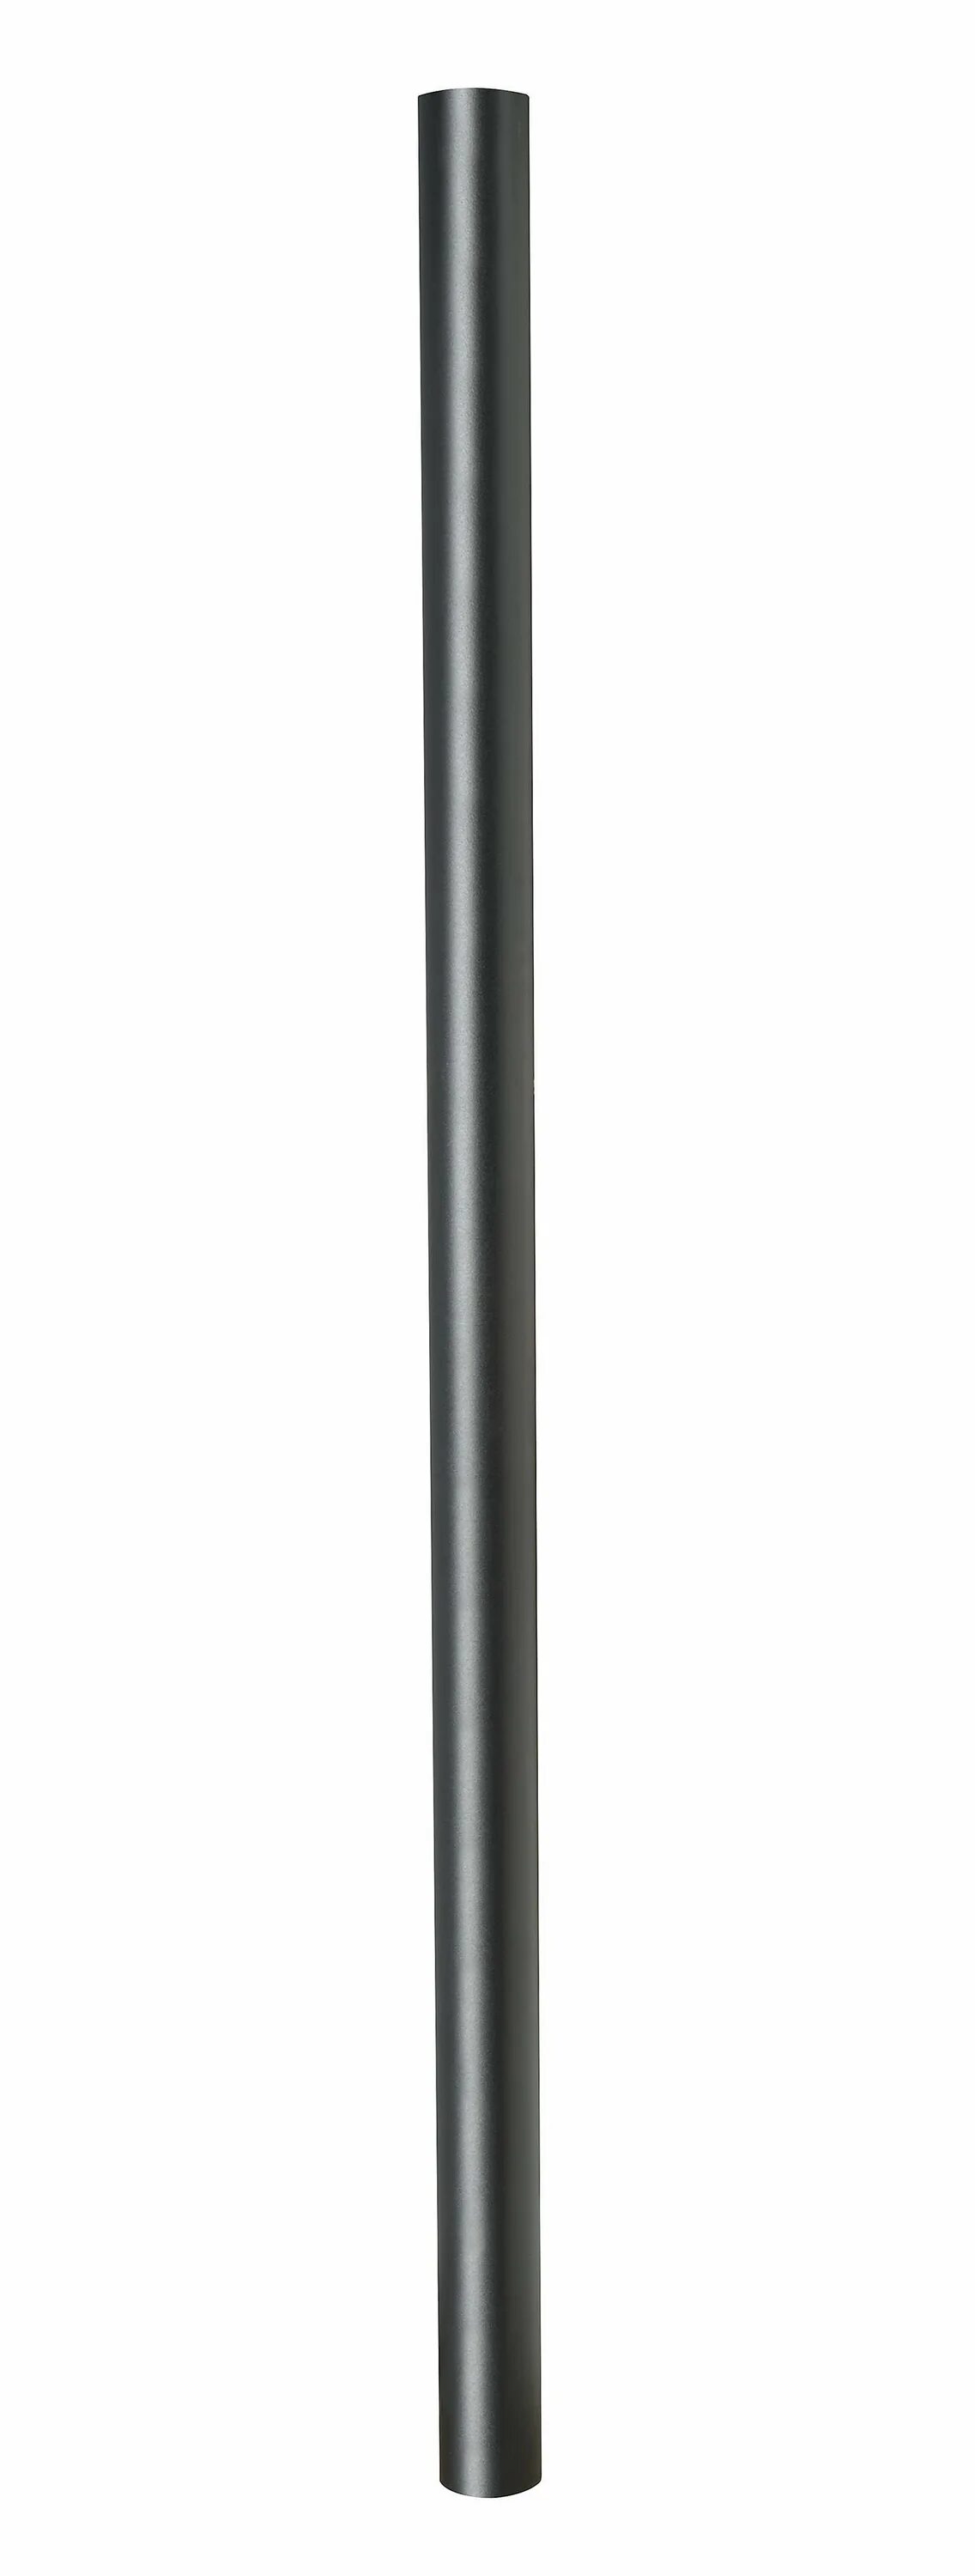 Metal Pole Pillars Set. Black Pole Казань. Metal Pole Store. LP-40 Metallic Black. Black pole
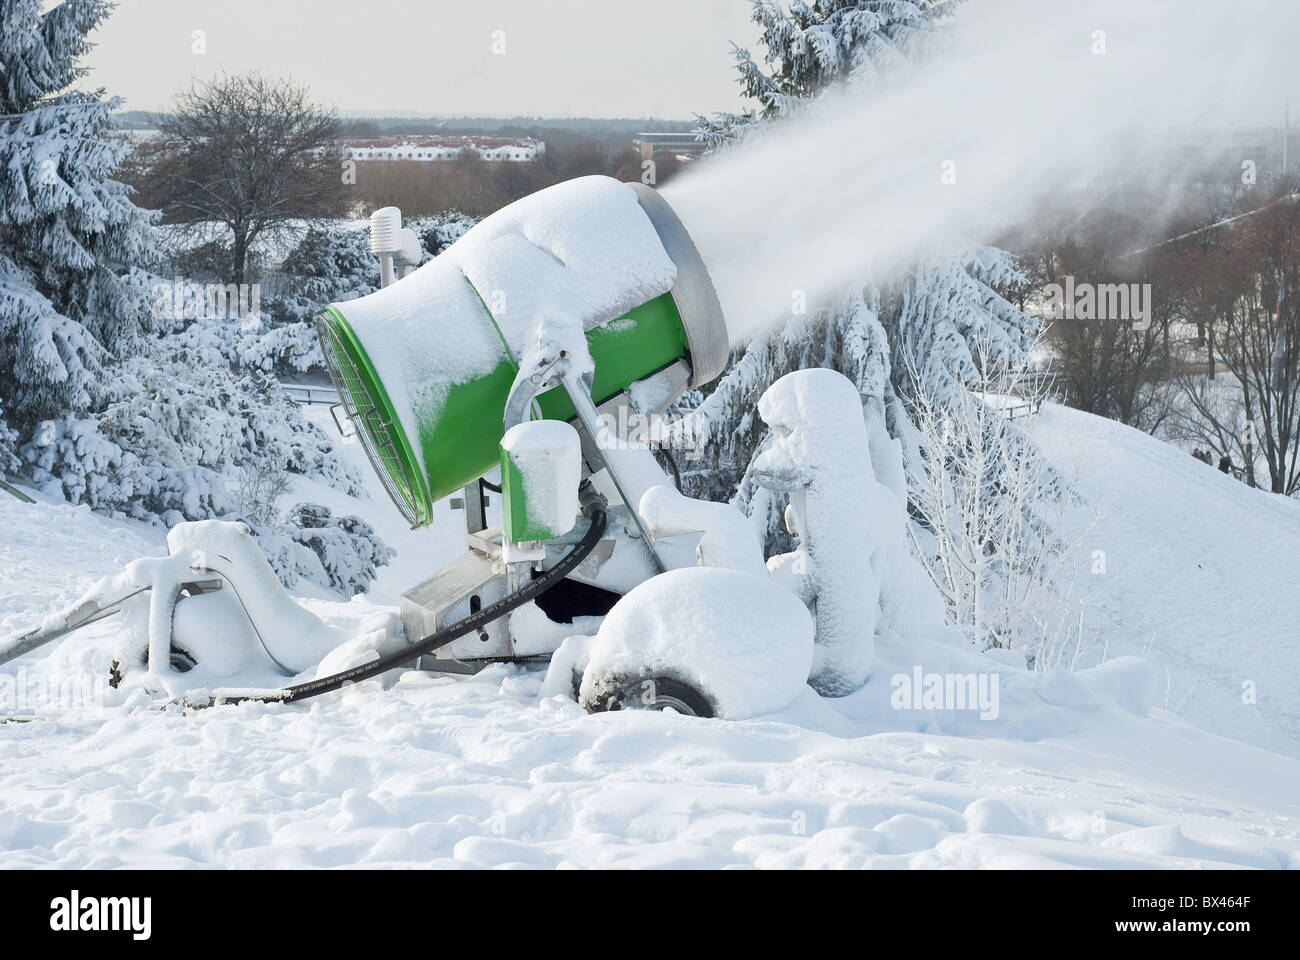 Neve cannoni preparazione di neve per gli sport invernali Foto Stock
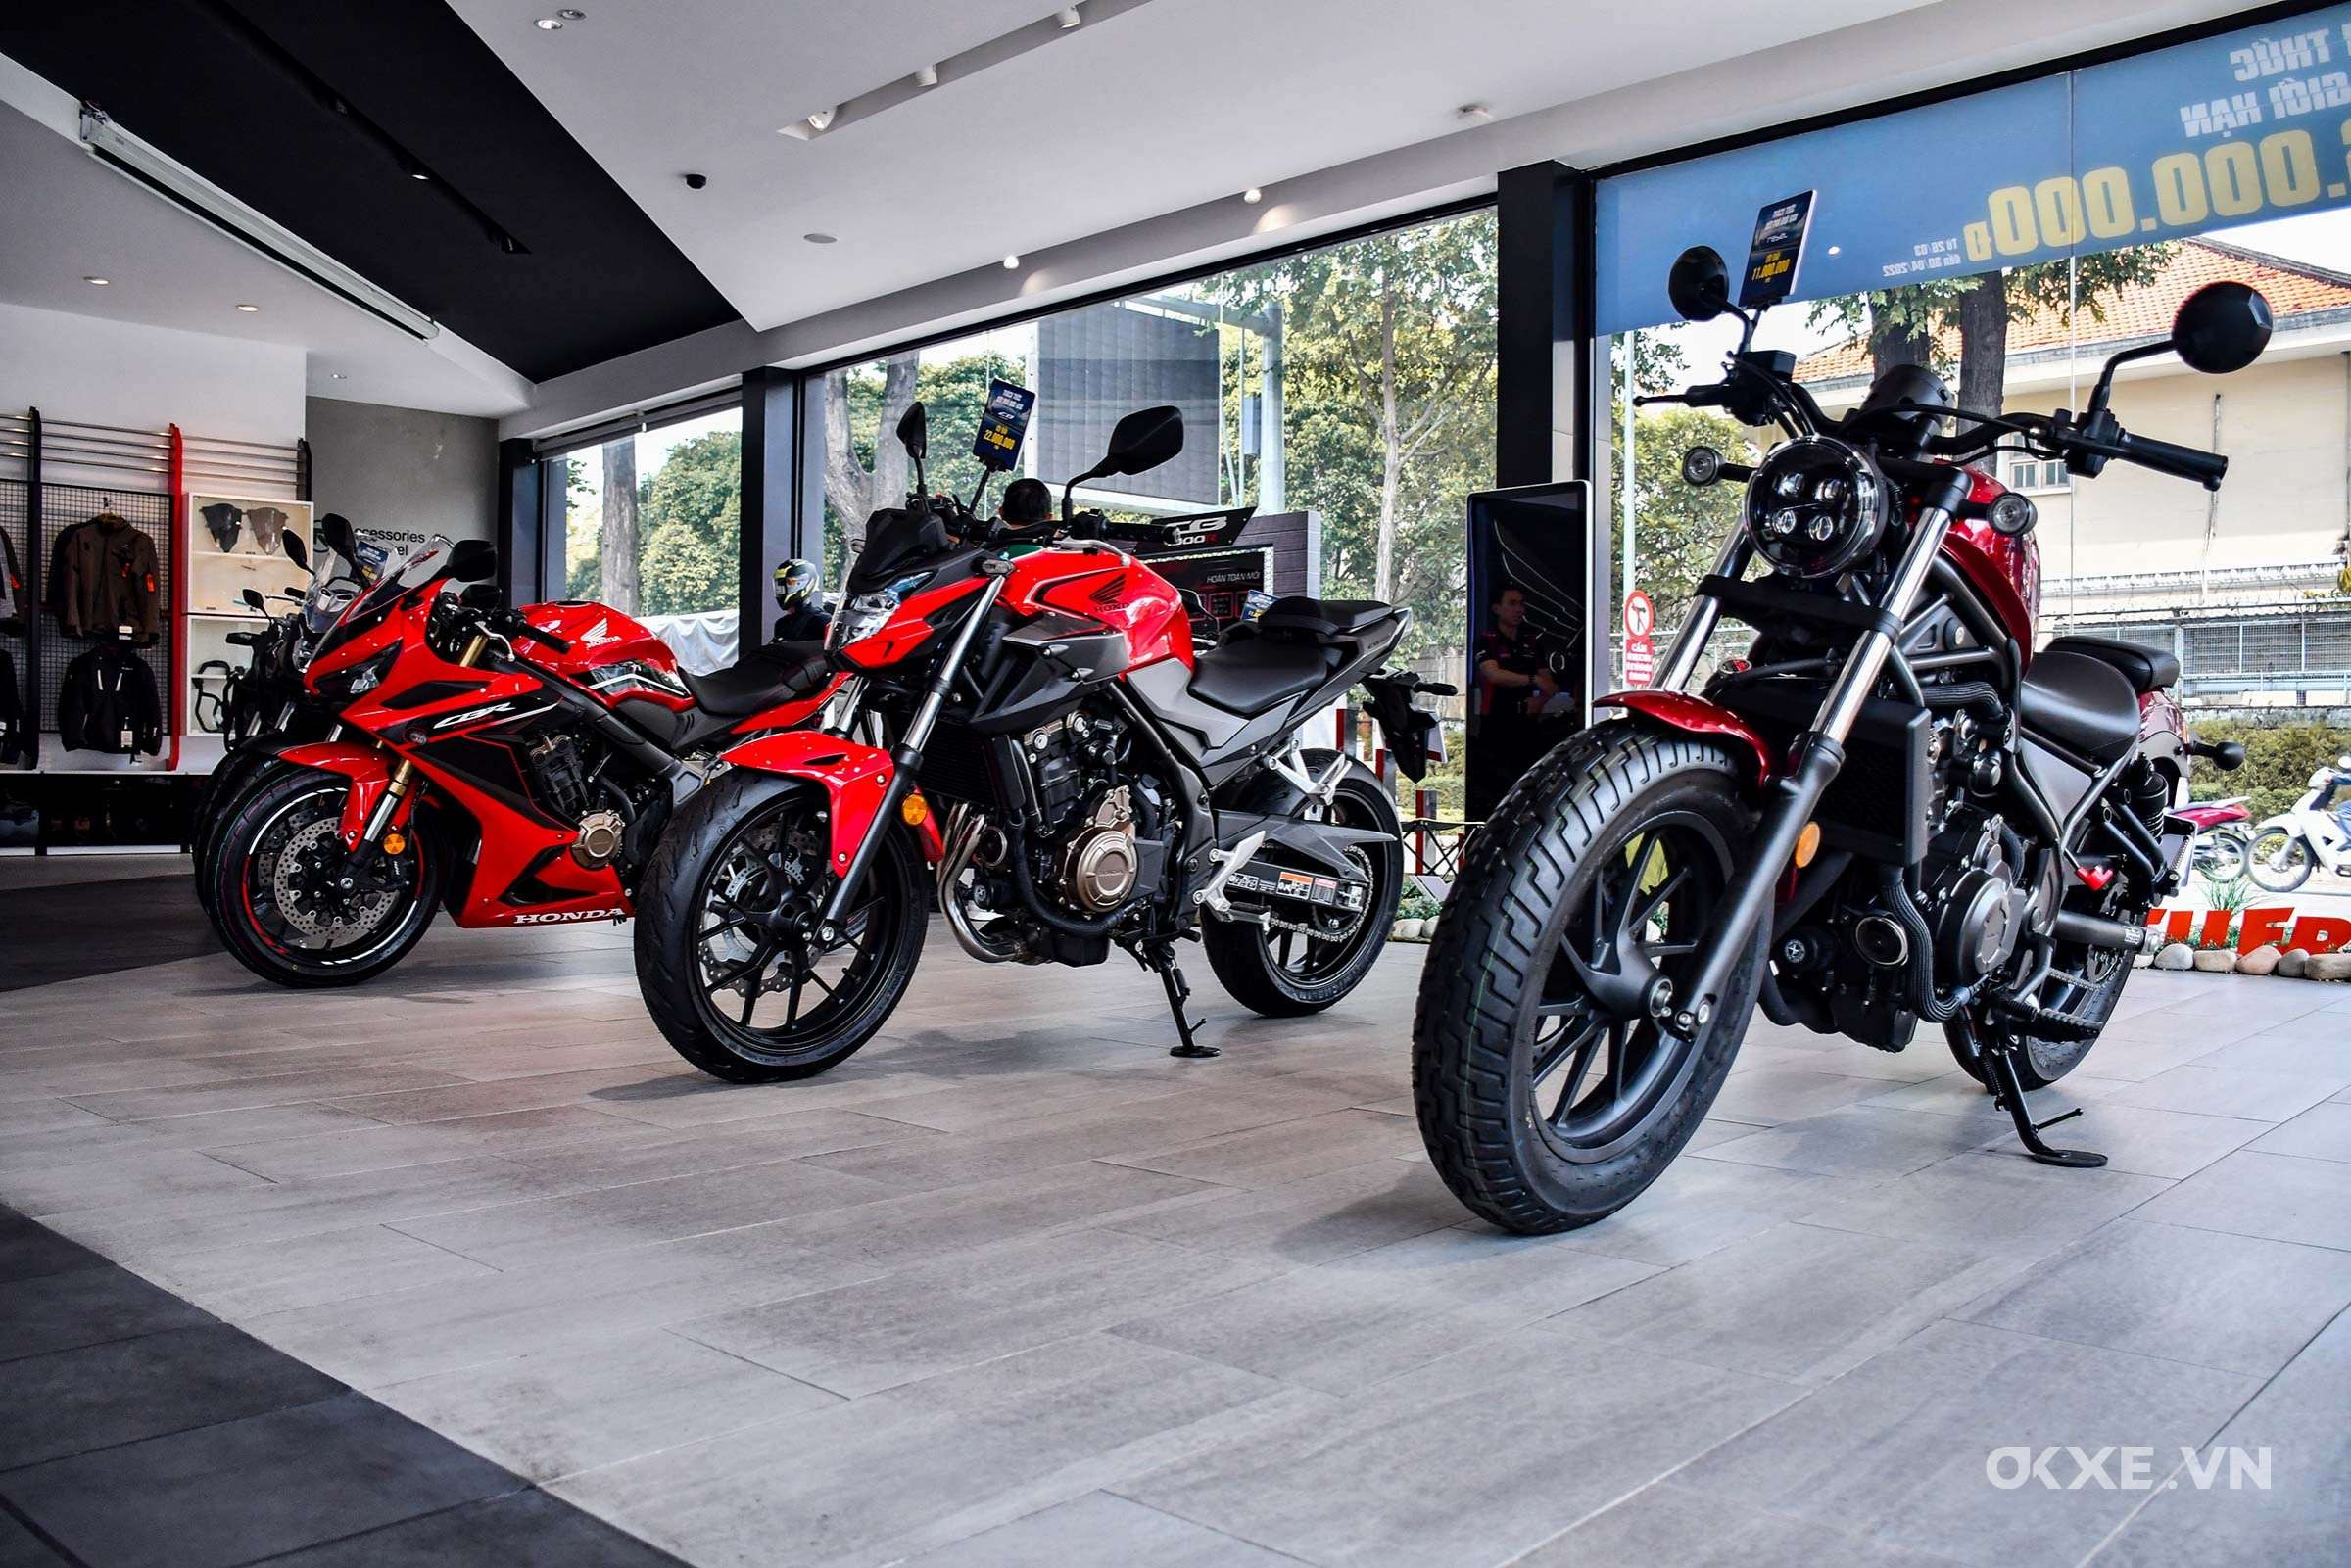 KTM xác nhận sẽ có 5 mẫu mô tô 500cc trang bị động cơ xilanh đôi   Motosaigon

_ _ _ _

◆ Instructions to follow
Copy the data above word for word. Pictures stay out.

◆ Response to this exercise
 Metal Pole Pillars Set. Black Pole Казань. Metal Pole Store. LP-40 Metallic Black. Black pole
 Neve cannoni preparazione di neve per gli sport invernali Foto Stock
 KTM xác nhận sẽ có 5 mẫu mô tô 500cc trang bị động cơ xilanh đôi   Motosaigon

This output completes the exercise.